Gadhafi homes reveal champagne lifestyle
The fancy beach villas are testimony to the fact that the Gadhafis not only ruled Libya, they owned it, and treated its oil wealth as their personal patrimony.
Yet the cars now parked outside these gilded villas are no longer fleets of limousines, but the motley collection of jeeps and machine-gun mounted pick-up trucks belonging to the rag-tag army of civilians who rose up and overthrew the Gadhafis.
And it is those fighters who now sleep inside the Italian-designed bedrooms with their Pierre Cardin carpets and Burberry couches, resting at the end of the Muslim month of Ramadan.
"The day that we have been dreaming of all our lifetime has come. This beach was reserved for Gadhafi sons, their families, friends and the ruling elite," said Kabet, a legal adviser at the economic council of Libya before joining the revolution in February.
"They are the ones who enjoyed the wealth of Libya not us. The Libyans got nothing out of it," he said.
"Libyans could never swim here or get near these gates. The fate of anybody who dares get close to these walls was known, he will be shot dead," Kabet said.
For nearly all of them the Eid al-Fitr at the end of the month of fasting will be their first without Gadhafi, whose 42 years in power have conditioned their lives.
This gated community, known as Regatta, is one of two sun-coloured mini-cities built along the sandy Mediterranean beaches west of Tripoli -- protected and private resorts designed to their own voracious specifications.
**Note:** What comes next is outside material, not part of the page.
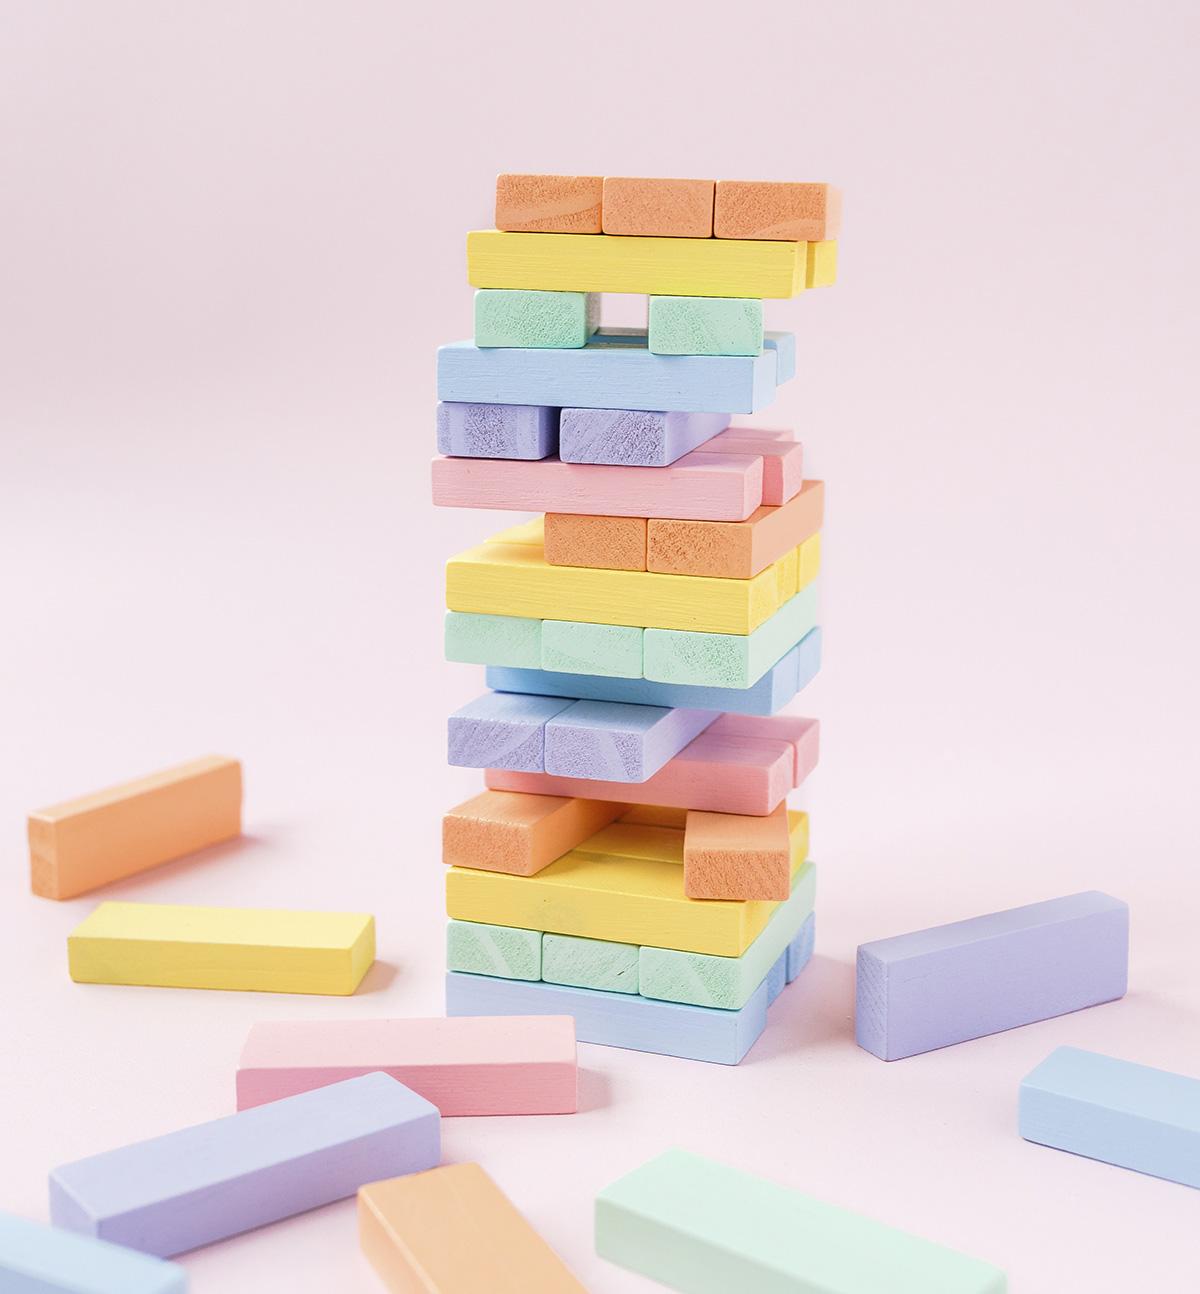 missredfox - 12giftswithlovegoesxmas - 14 - Kathy Loves - Wackelturm aus Holz DIY Kinderspielzeug - Bauklötze selber machen 2
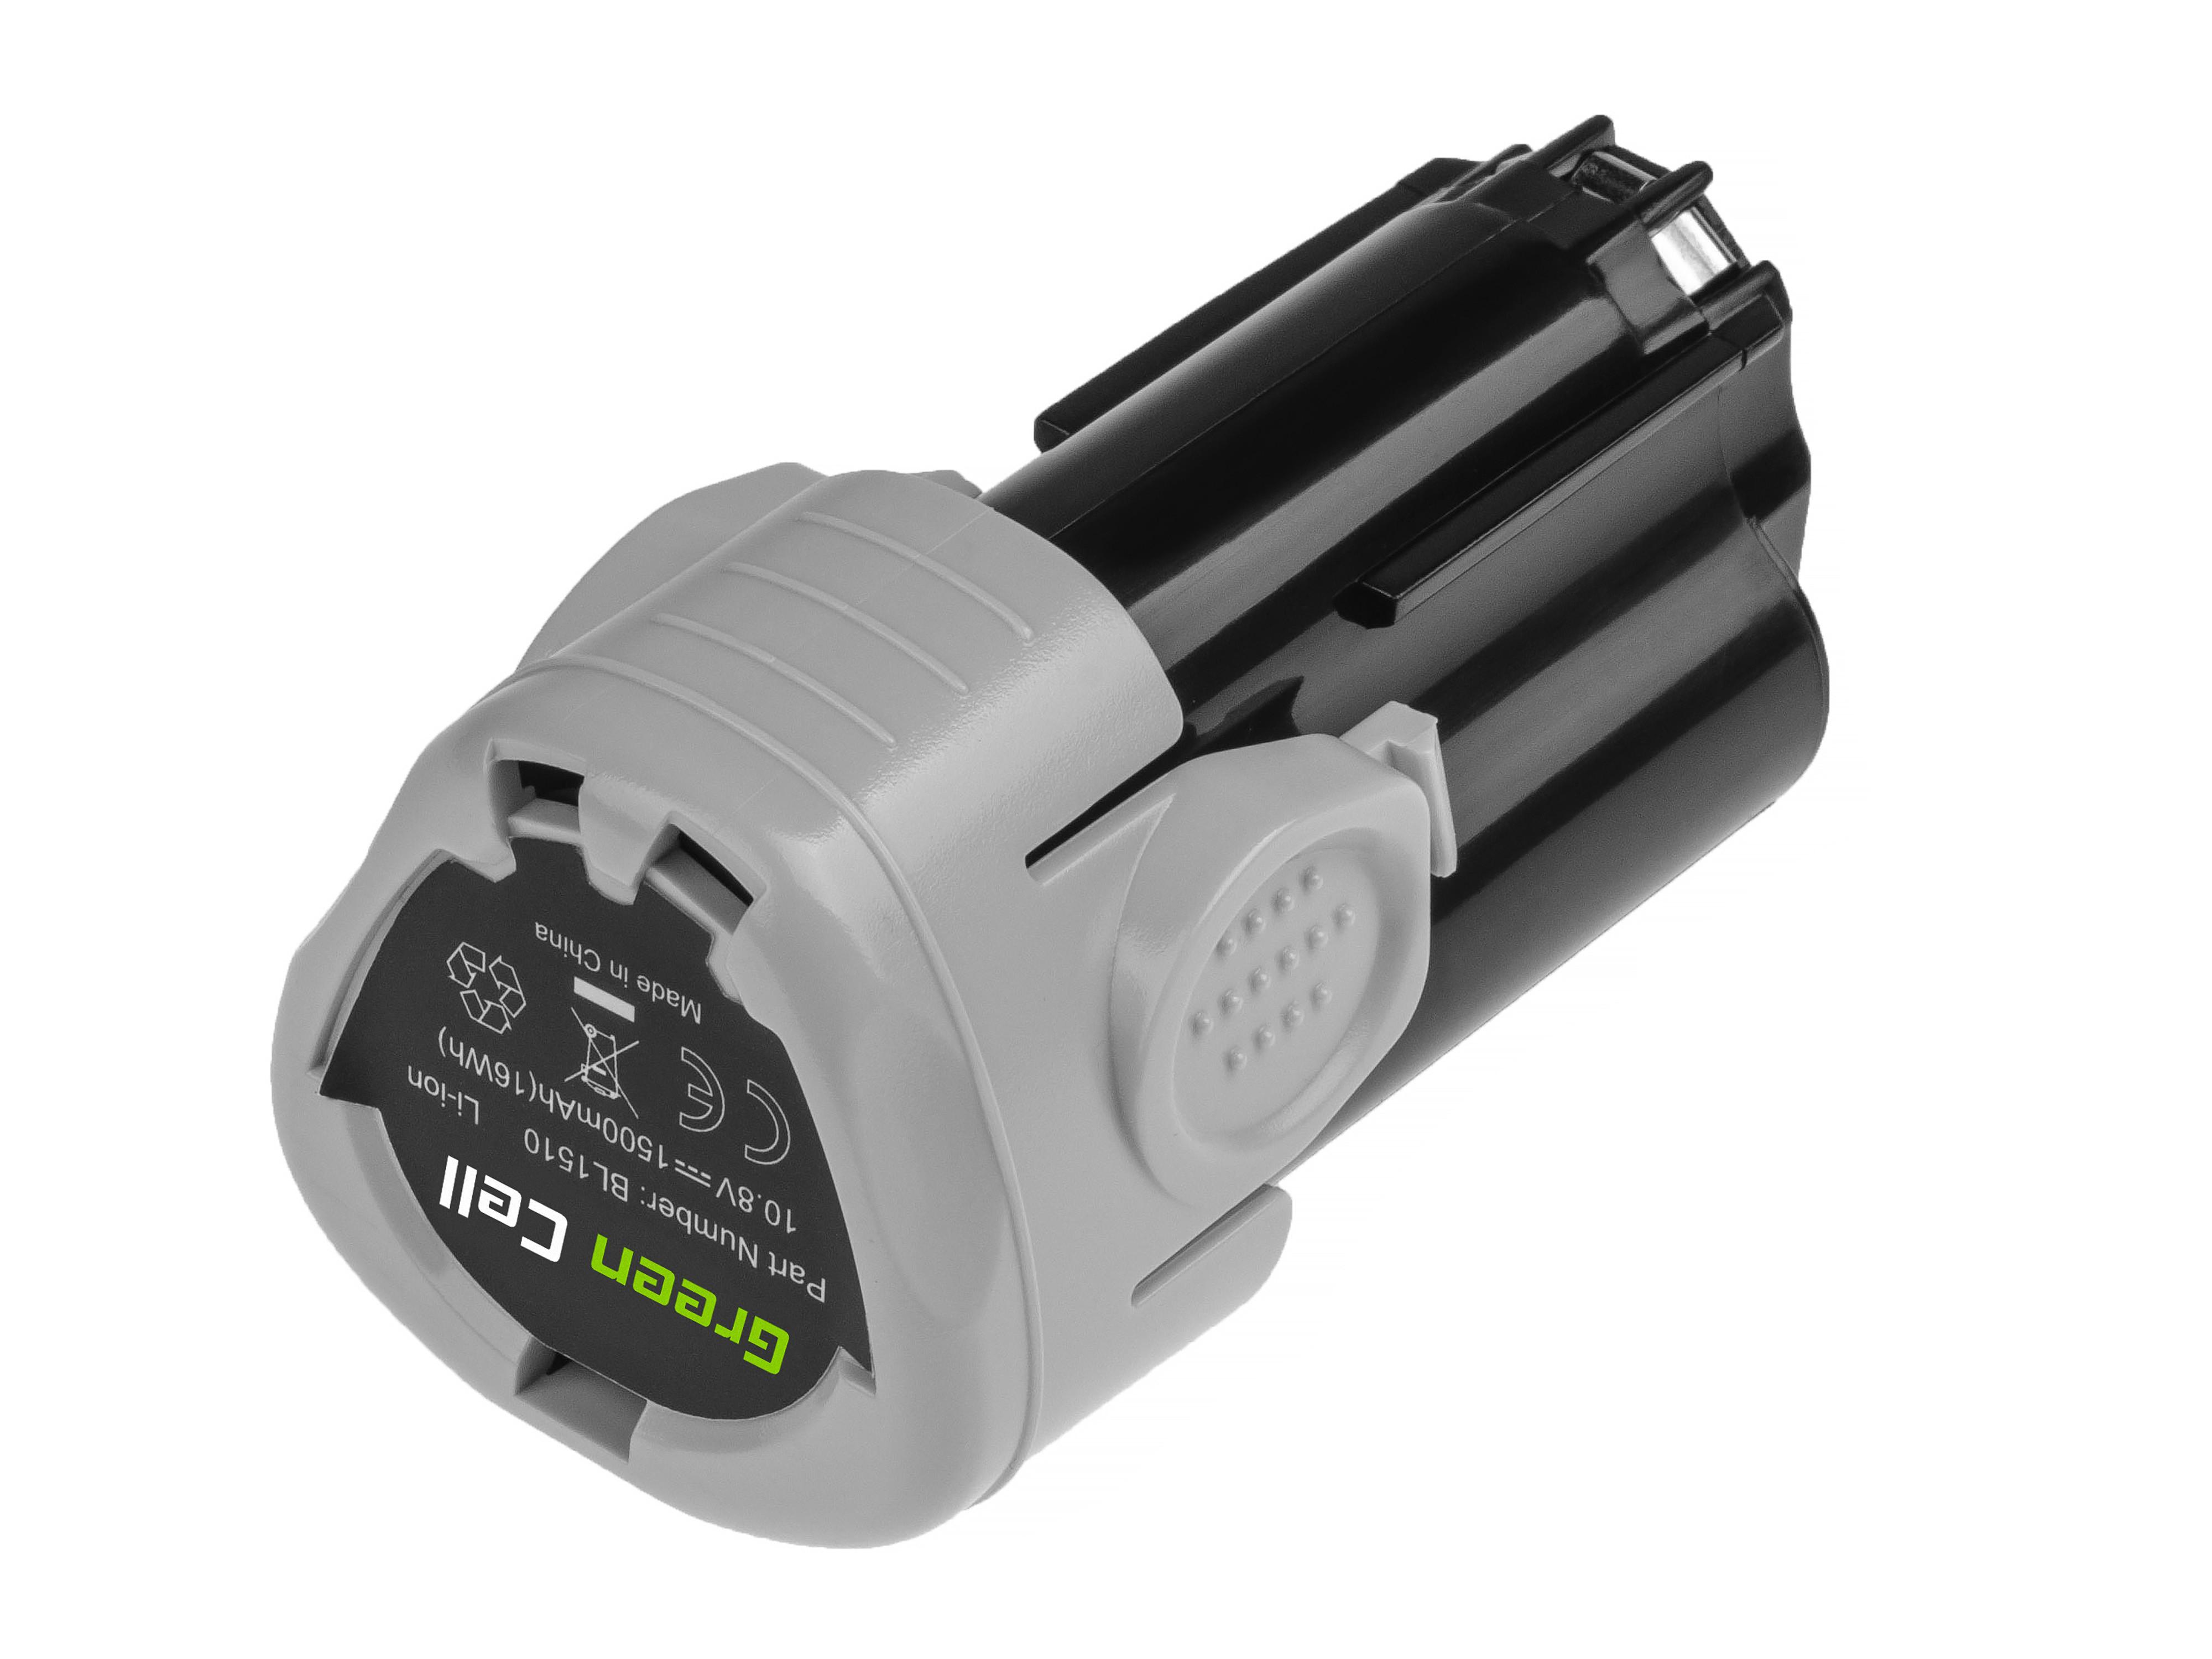 Baterie Green Cell Black&Decker BL1110 BL1310 BL1510 BDCDMT112 10.8V 1500mAh Li-ion - neoriginální

There are supermarkets and diving centres, tennis courts and football pitches, restaurants and clinics. Some have their own gyms and swimming pools. Motor boats are moored nearby.
"This is only one drop of their wealth and the many houses they have here and abroad and the billions they have," said Abdel-Salam Kilani, an officer who defected from Gadhafi's troops in February.
"THE MILLIONS THEY HAVE ARE WORTHLESS"
At the villa of Saadi Gadhafi, suits, cashmere coats, ties and shoes from almost every famous designer in the world, were tossed on the floor. Suitcases were flung open, suggestive of a hurried exit.
Added to the mix were recordings of Pink Floyd, popular Lebanese singer George Wassouf and the West Wing television series along with printed pages of al-Jazeera news bulletins on the flight of Tunisian President Zine al-Abidine Ben Ali.
The Gadhafis seemed passionate about luxury goods, but less keen on books.
The one book in the villa owned by Mohammed Gadhafi, who fled to Algeria was "Body and Soul Escapes", a book on meditation. His house was adorned with photos of sport clubs, flags as well as sporting memorabilia and photos of his family.
Flight schedules to neighbouring Arab countries left behind seemed to be one of their recent preoccupations.
The new tenants appeared comfortable in Aisha's 13-bedroom elegantly-furnished house, each of the fighters occupying a bedroom of his own. The rebels had packed her photo albums in a box except for a torn one of her with her father in her youth.
It is clear the occupants of this serene compound with its beaches, palms, pines and bright bougainvillea had left in a hurry, or perhaps in the middle of a party.
Some houses still had wine and champagne glasses on the terraces. Children's bicycles and toys were left abandoned in the narrow streets.
The gated community of Regatta, about 12 km (seven miles) west of Tripoli, is only one of the many Gadhafis' homes. Only close friends, extended family and ruling associates shared their world.
Across the compound, concealed behind walls, Libyans live in poor and shabby houses, earning low or modest salaries that allow them to just about get by.
Forty-seven-year-old Najib Kabet, a rebel, added: "Look! where do you think the wealth of Libya has gone?."The Gadhafi family owned Libya."
Though these sumptuous villas reveal the Gadhafis' abuse of Libya's riches and highlight the country's social inequalities, not many Libyans knew they existed until the rebels found them.
Most of the fighters at the compound came from the poor Western mountains but did not seem to be envious of the luxury. Most appeared even unimpressed with the opulence around them.
"This (lifestyle) does not mean anything to us", said Ibrahim Madani, a 26-year-old fighter from Zintan.
"Let them know that the millions they have are worthless. People paid with their blood for the sake of freedom."
"The most important thing is that the people got rid of them. Let the new generation enjoy a better education, a better country and life."
"They sucked the blood of this country," Madani said.